### WHAT TO DO
Give back an exact copy of the listing that follows, without the pictures.

### THE DATA
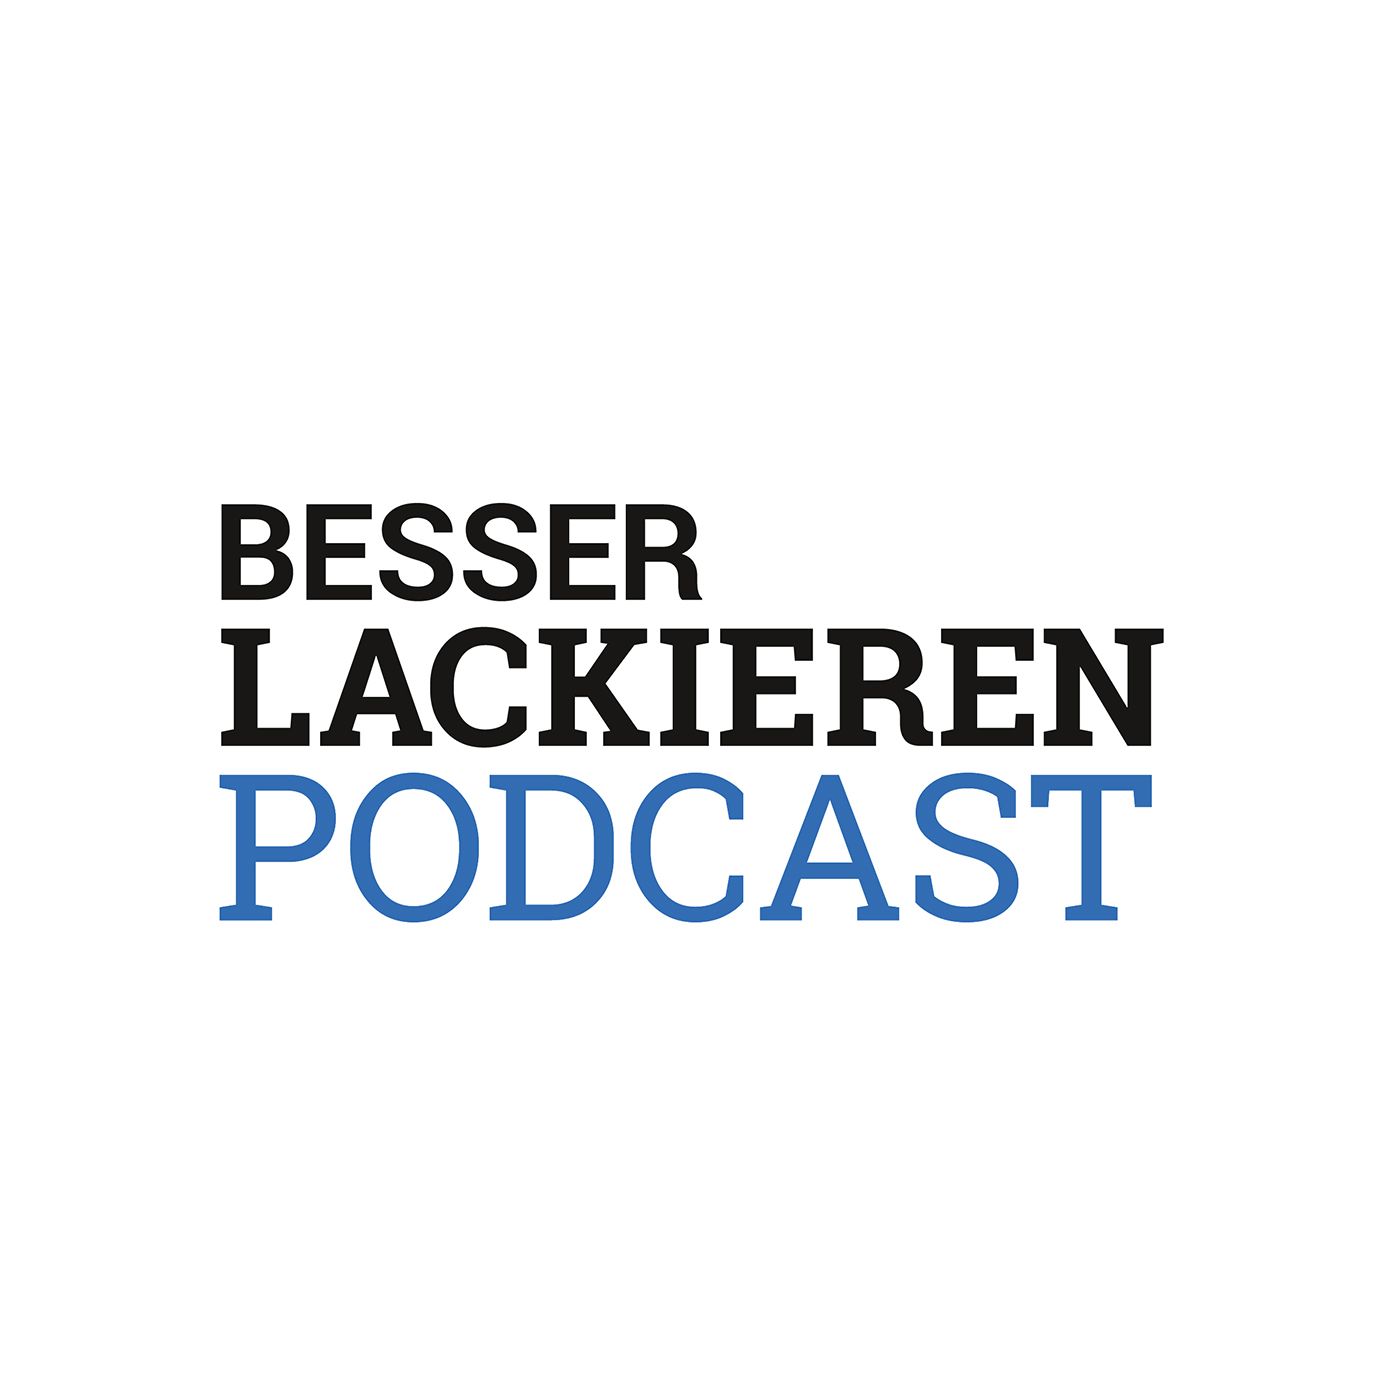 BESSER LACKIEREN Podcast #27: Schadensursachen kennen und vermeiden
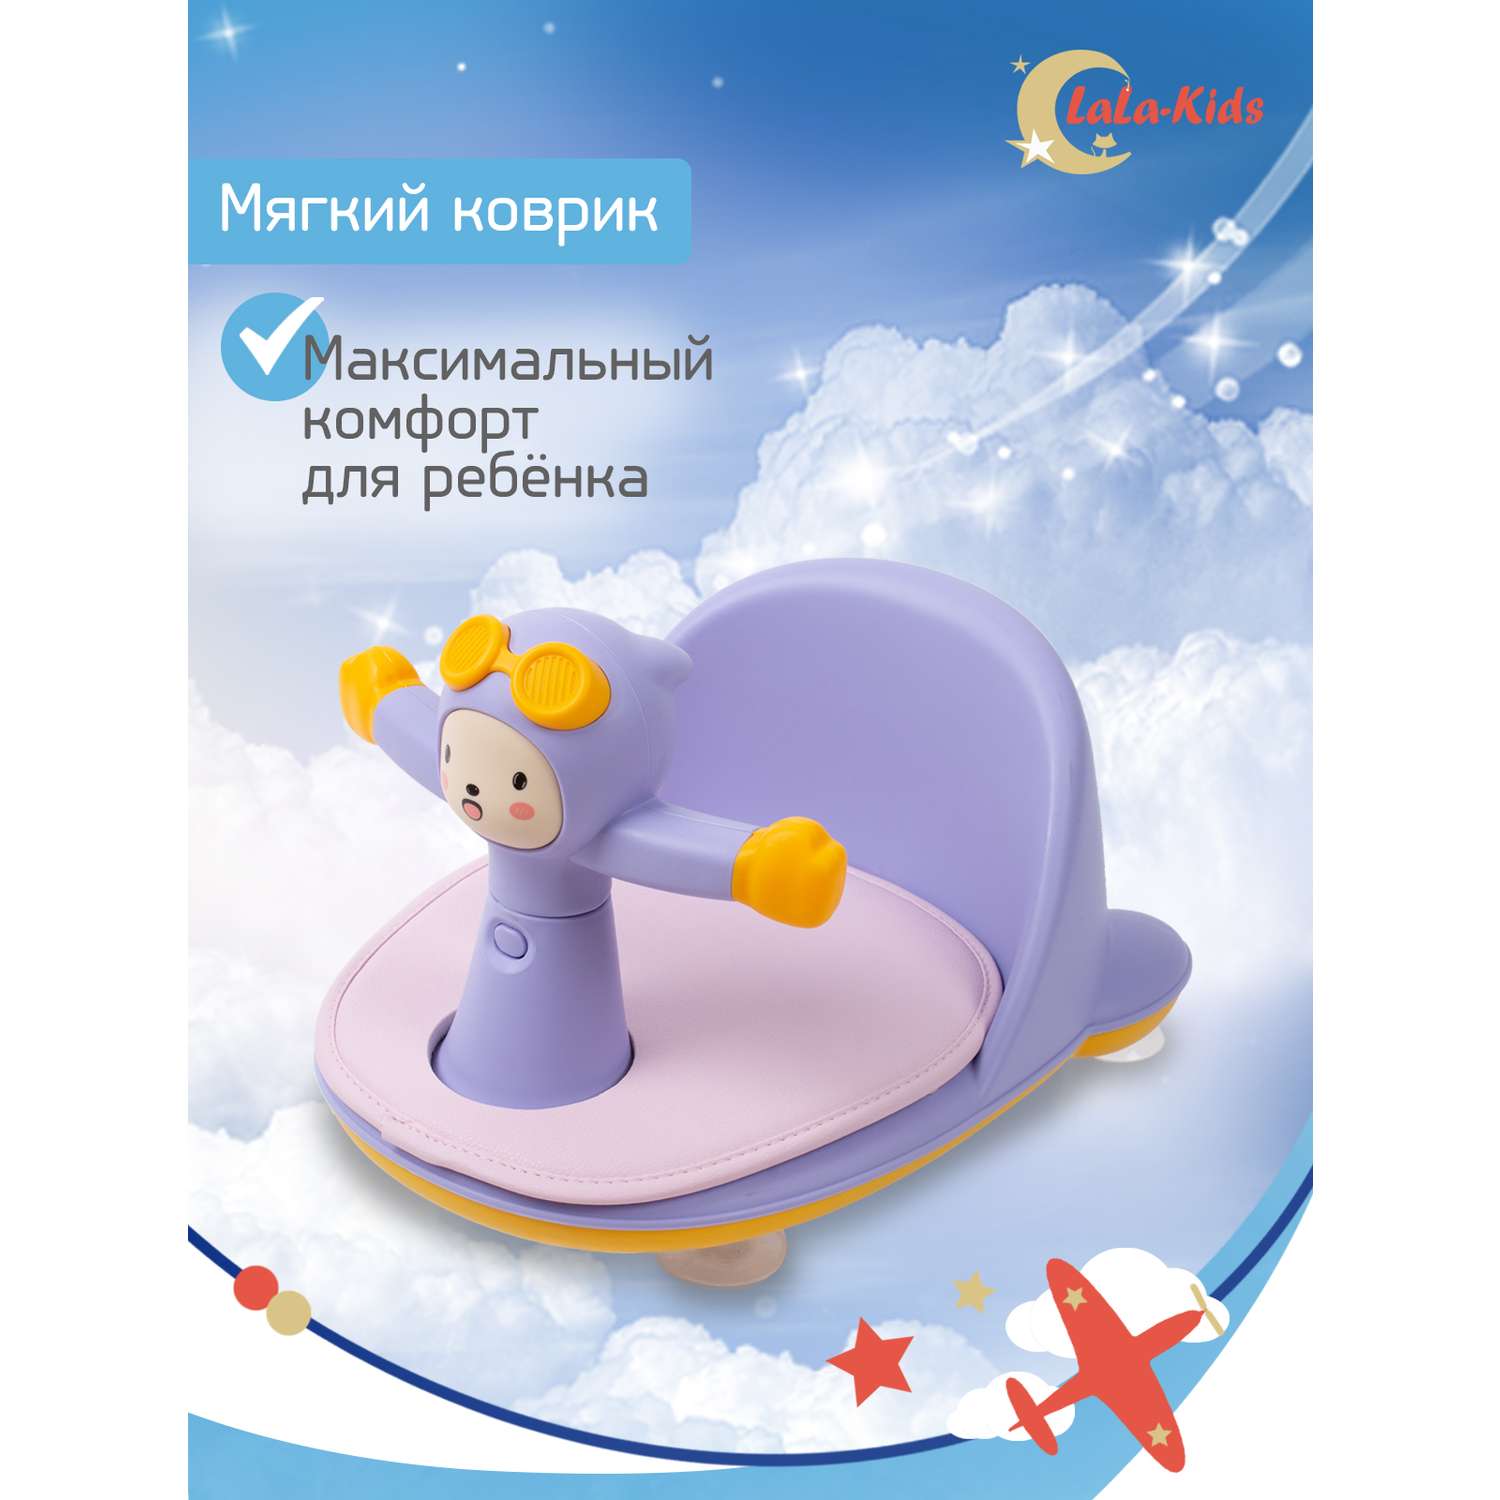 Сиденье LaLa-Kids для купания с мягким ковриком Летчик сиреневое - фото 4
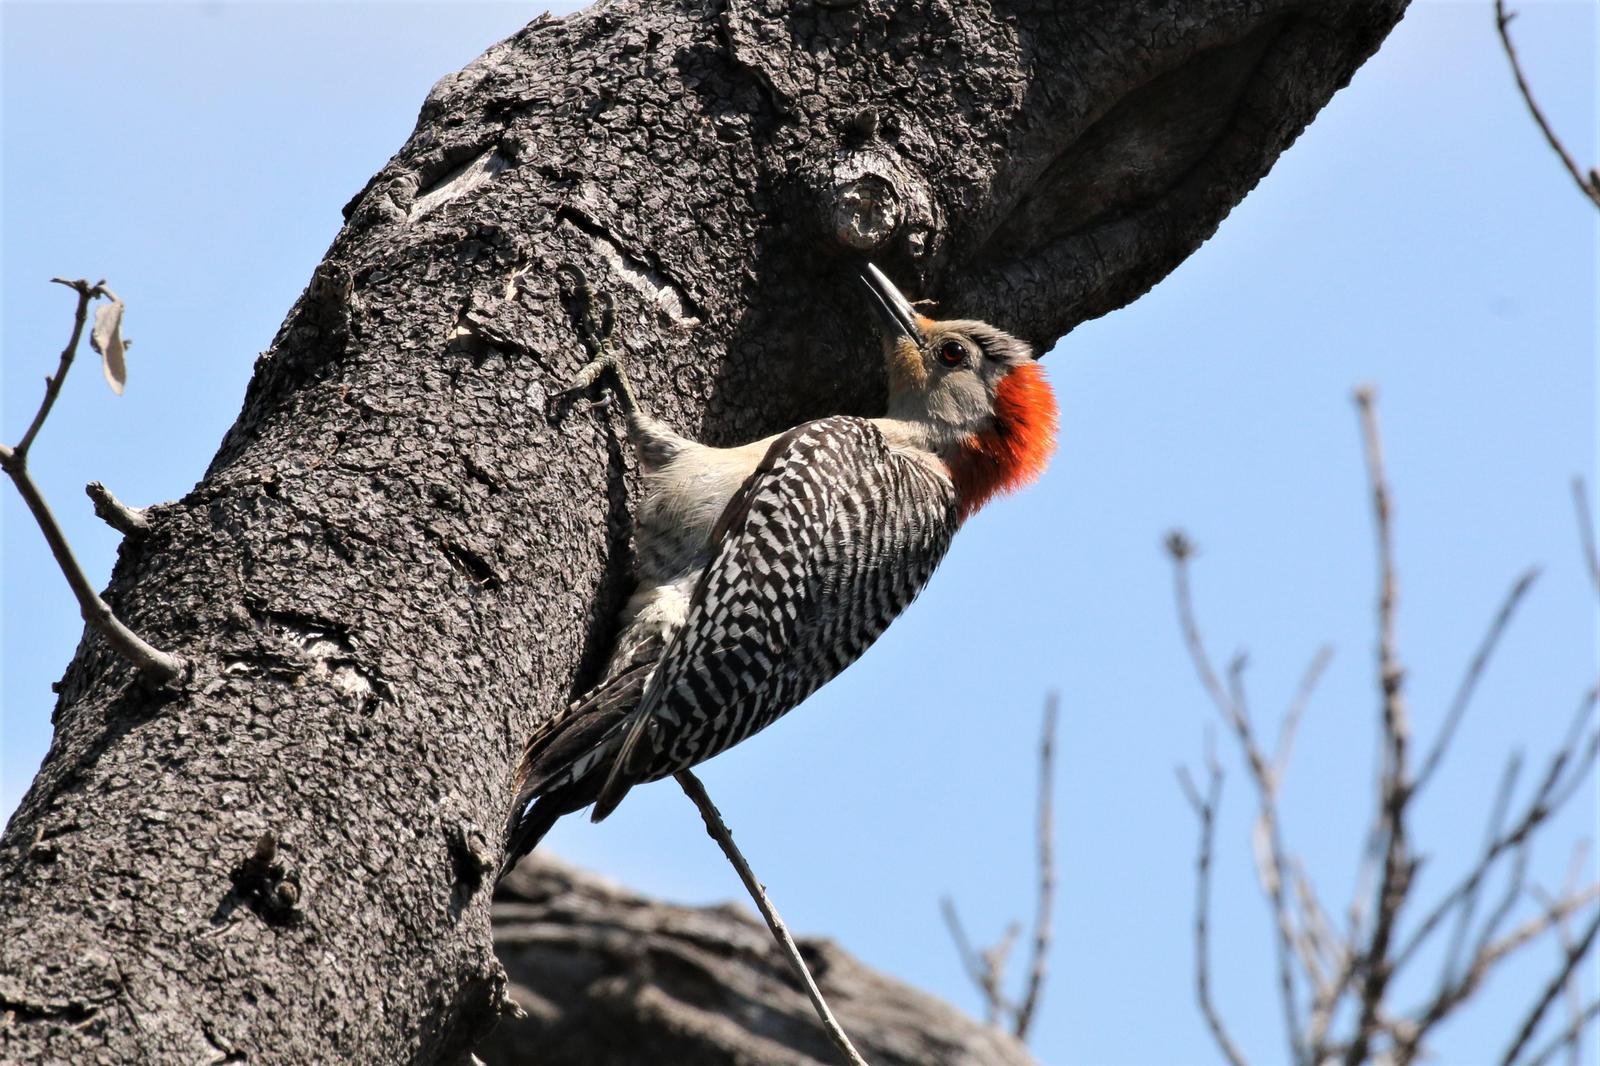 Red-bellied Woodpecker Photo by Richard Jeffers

### YOUR SOLUTION
 BESSER LACKIEREN Podcast #27: Schadensursachen kennen und vermeiden
 Сиденье LaLa-Kids для купания с мягким ковриком Летчик сиреневое - фото 4
 Red-bellied Woodpecker Photo by Richard Jeffers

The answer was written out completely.